COLLECTED DATA =>
_____

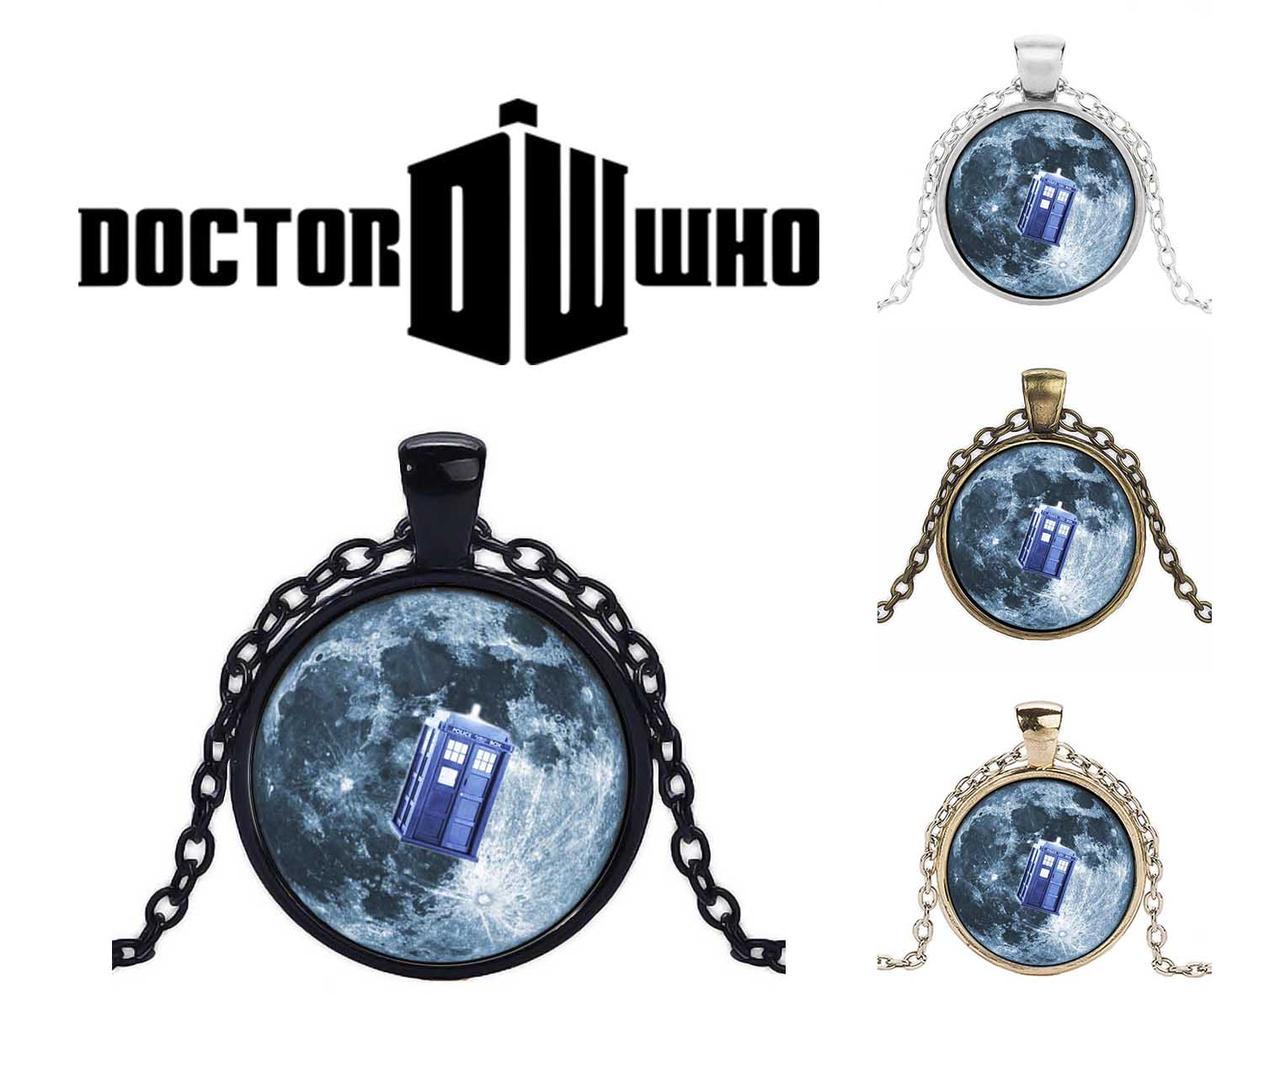 Кулон с фоном звездное небо и Тардисом из сериала Доктор Кто / Doctor Who
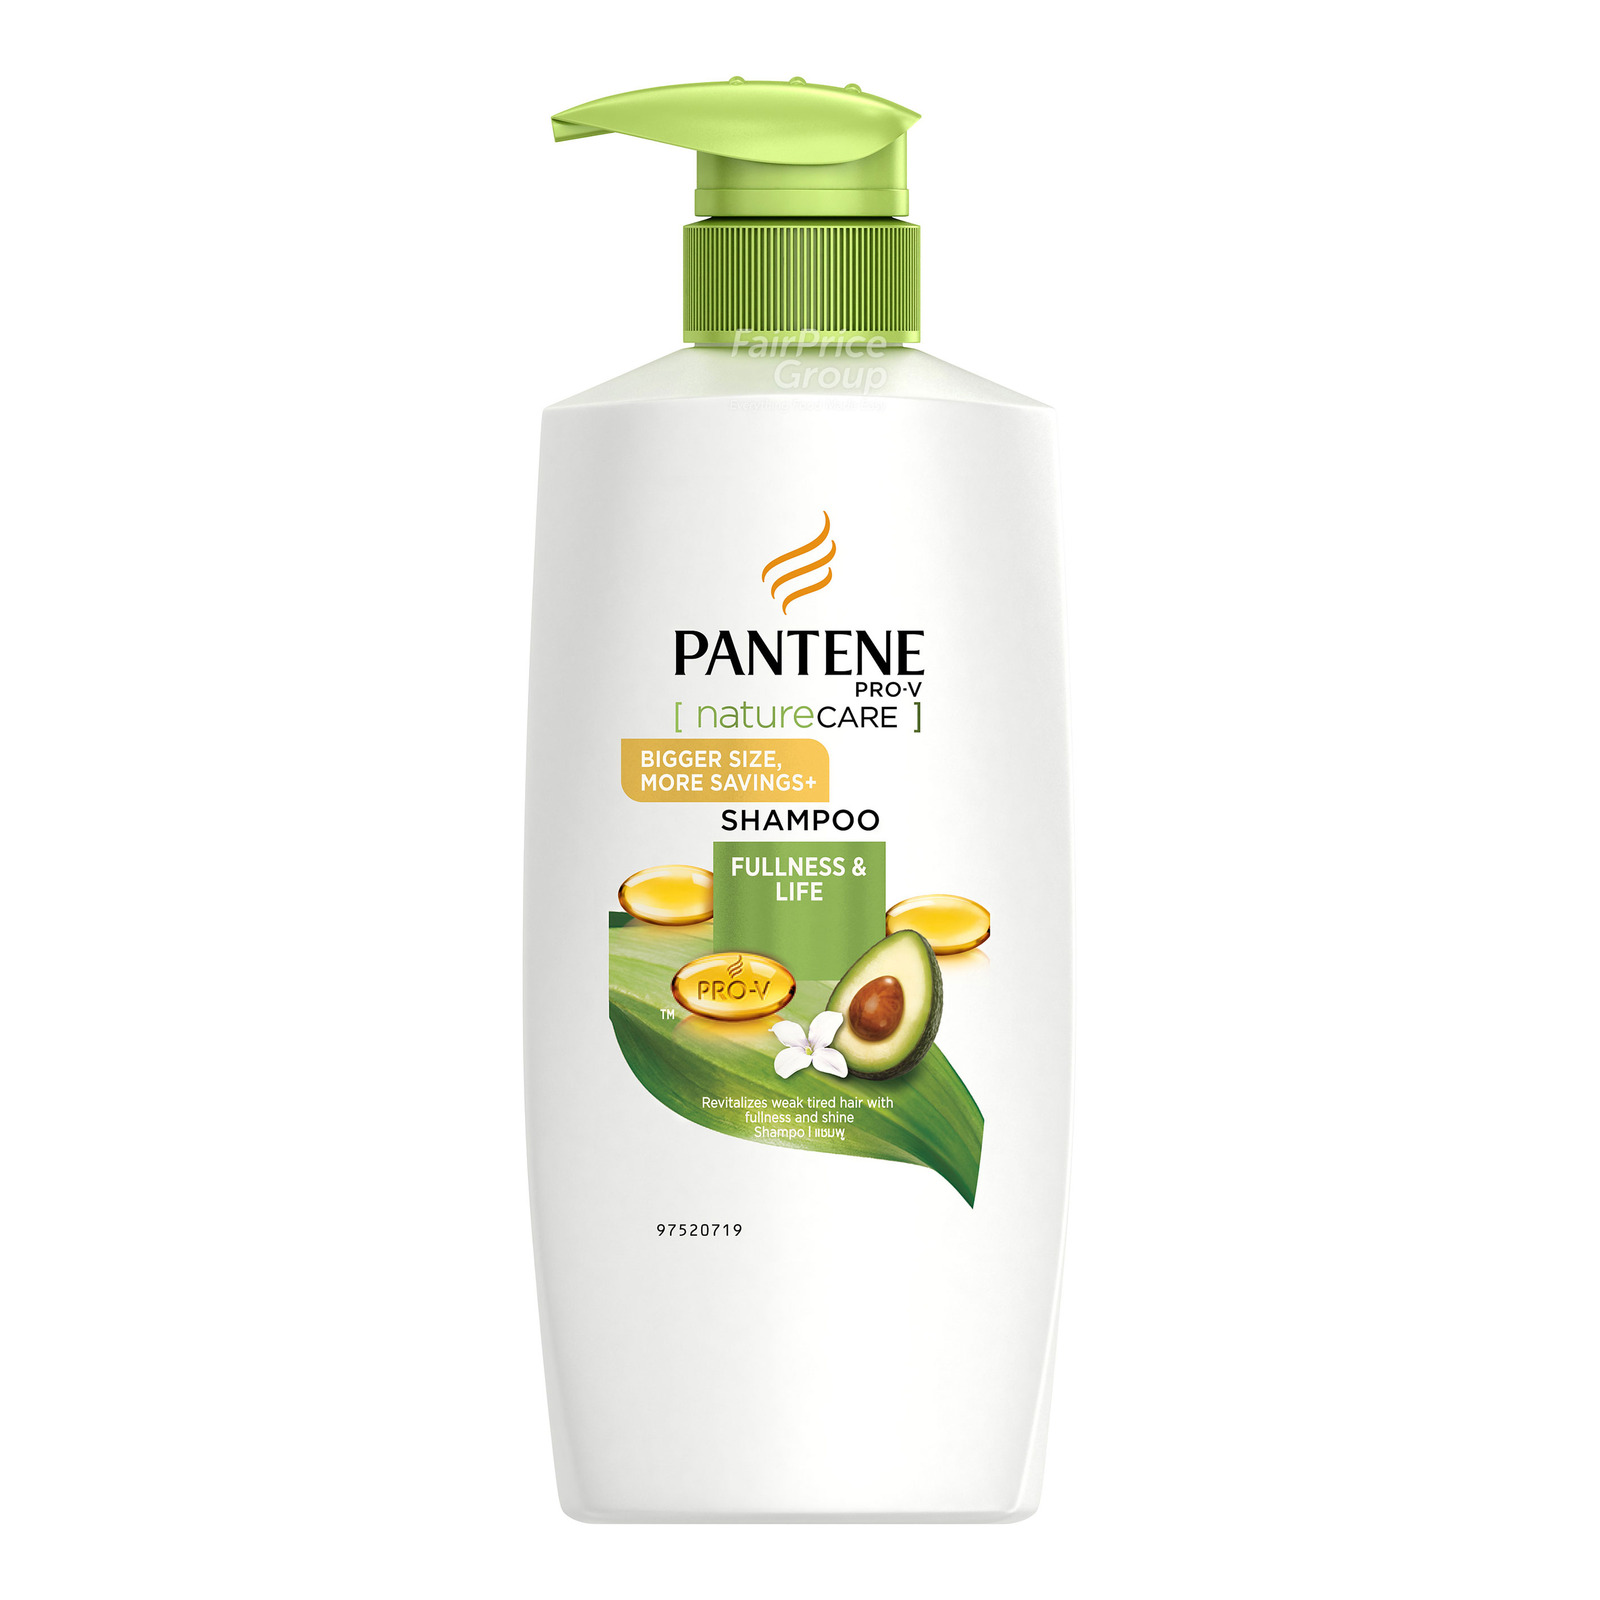 Pantene Pro-V Shampoo - Nature Care Fullness & Life
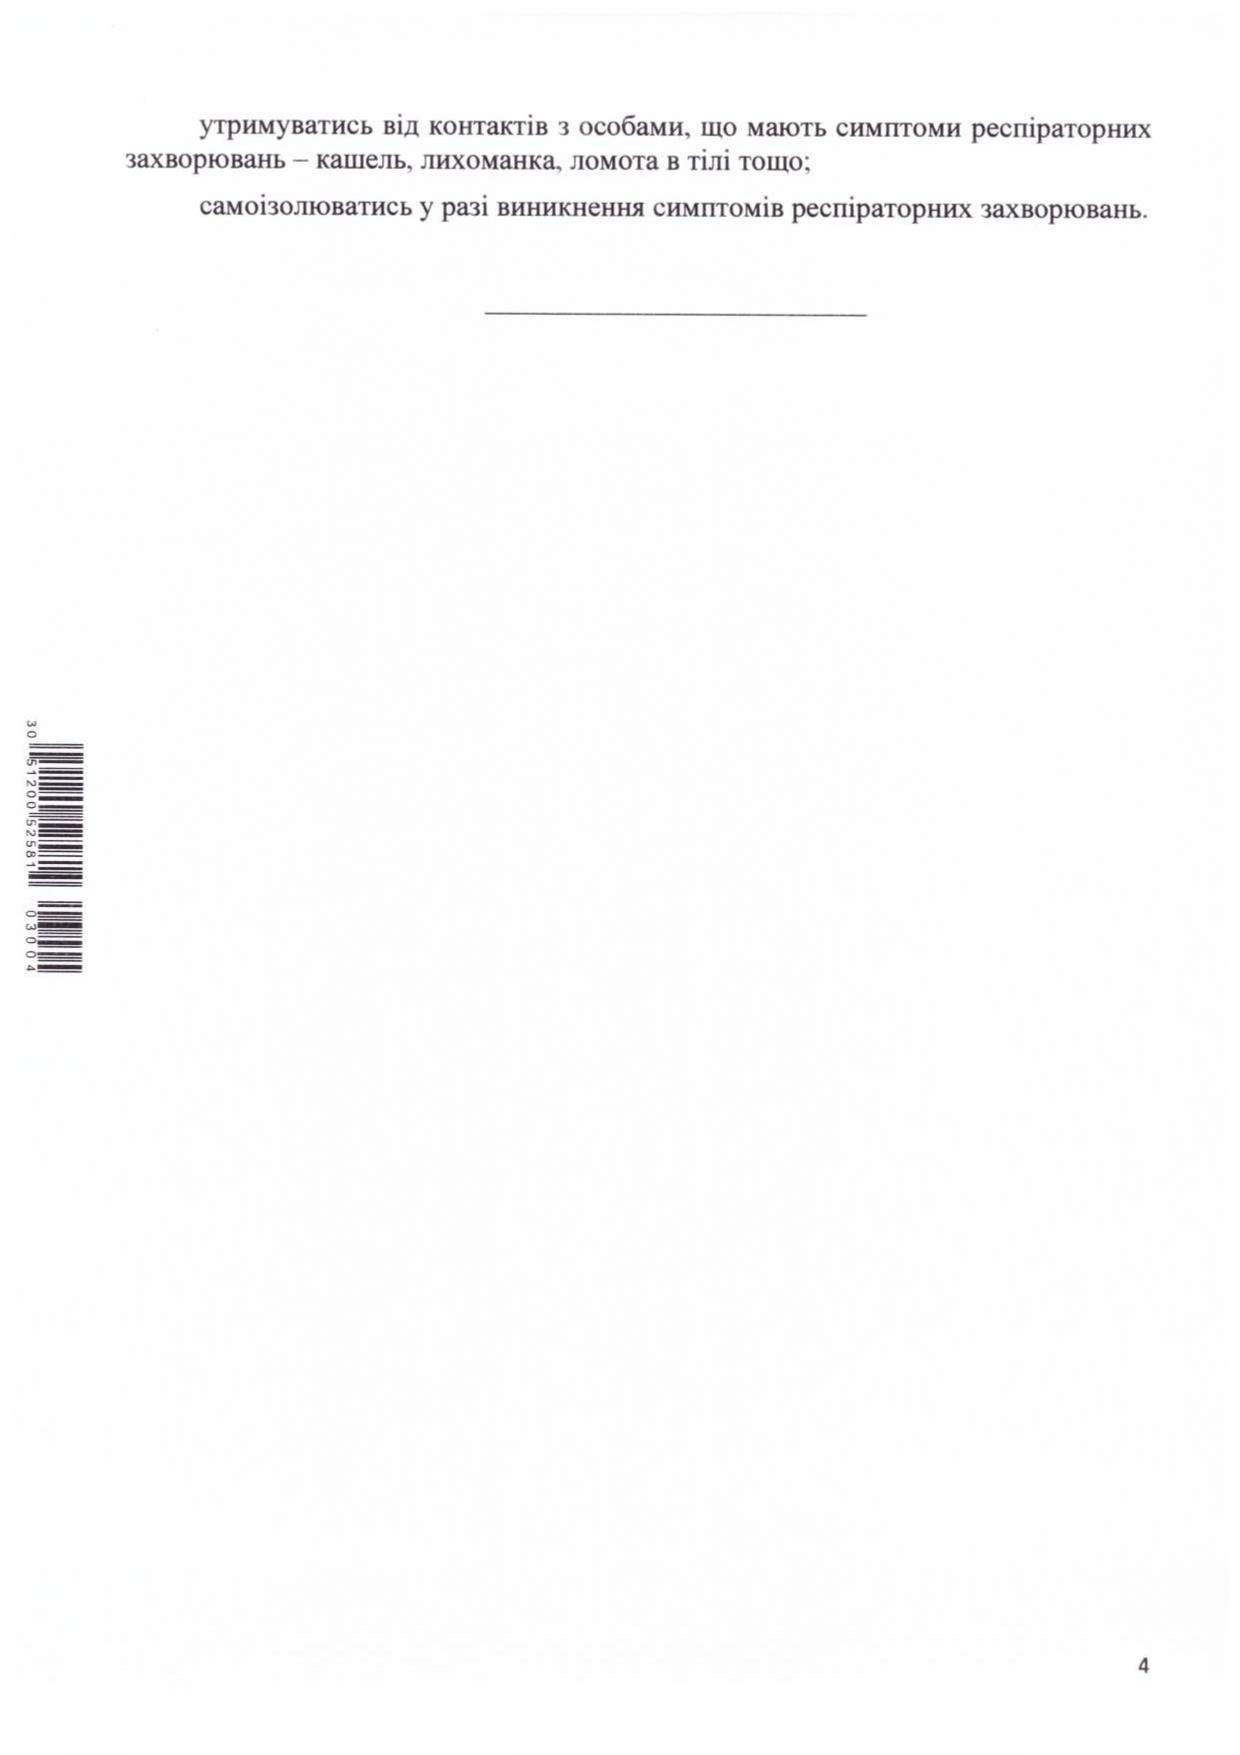 Постанова 17 Page 0004
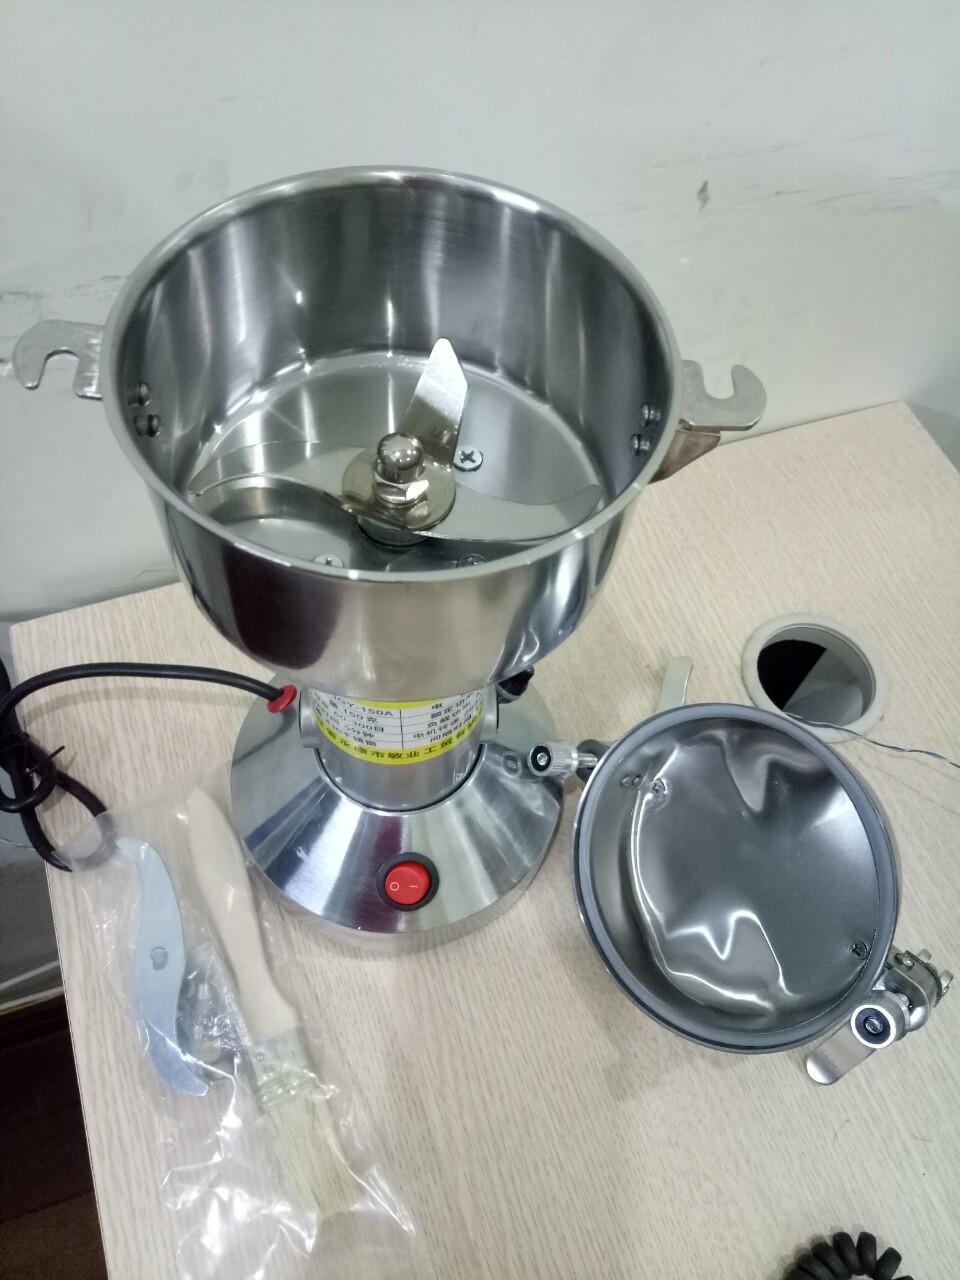 Máy xay nghệ, bột quế hồi, ớt khô bằng inox dành cho bếp gia đình tối đa 150g/lần xay

_____

EXERCISE REQUIREMENTS => Would you give the data above again word for word, skipping any images?

OUTPUT FOR THIS EXERCISE =>
 Кулон с фоном звездное небо и Тардисом из сериала Доктор Кто / Doctor Who
 Pantene Pro-V Shampoo - Nature Care Fullness & Life
 Постанова 17 Page 0004
 Máy xay nghệ, bột quế hồi, ớt khô bằng inox dành cho bếp gia đình tối đa 150g/lần xay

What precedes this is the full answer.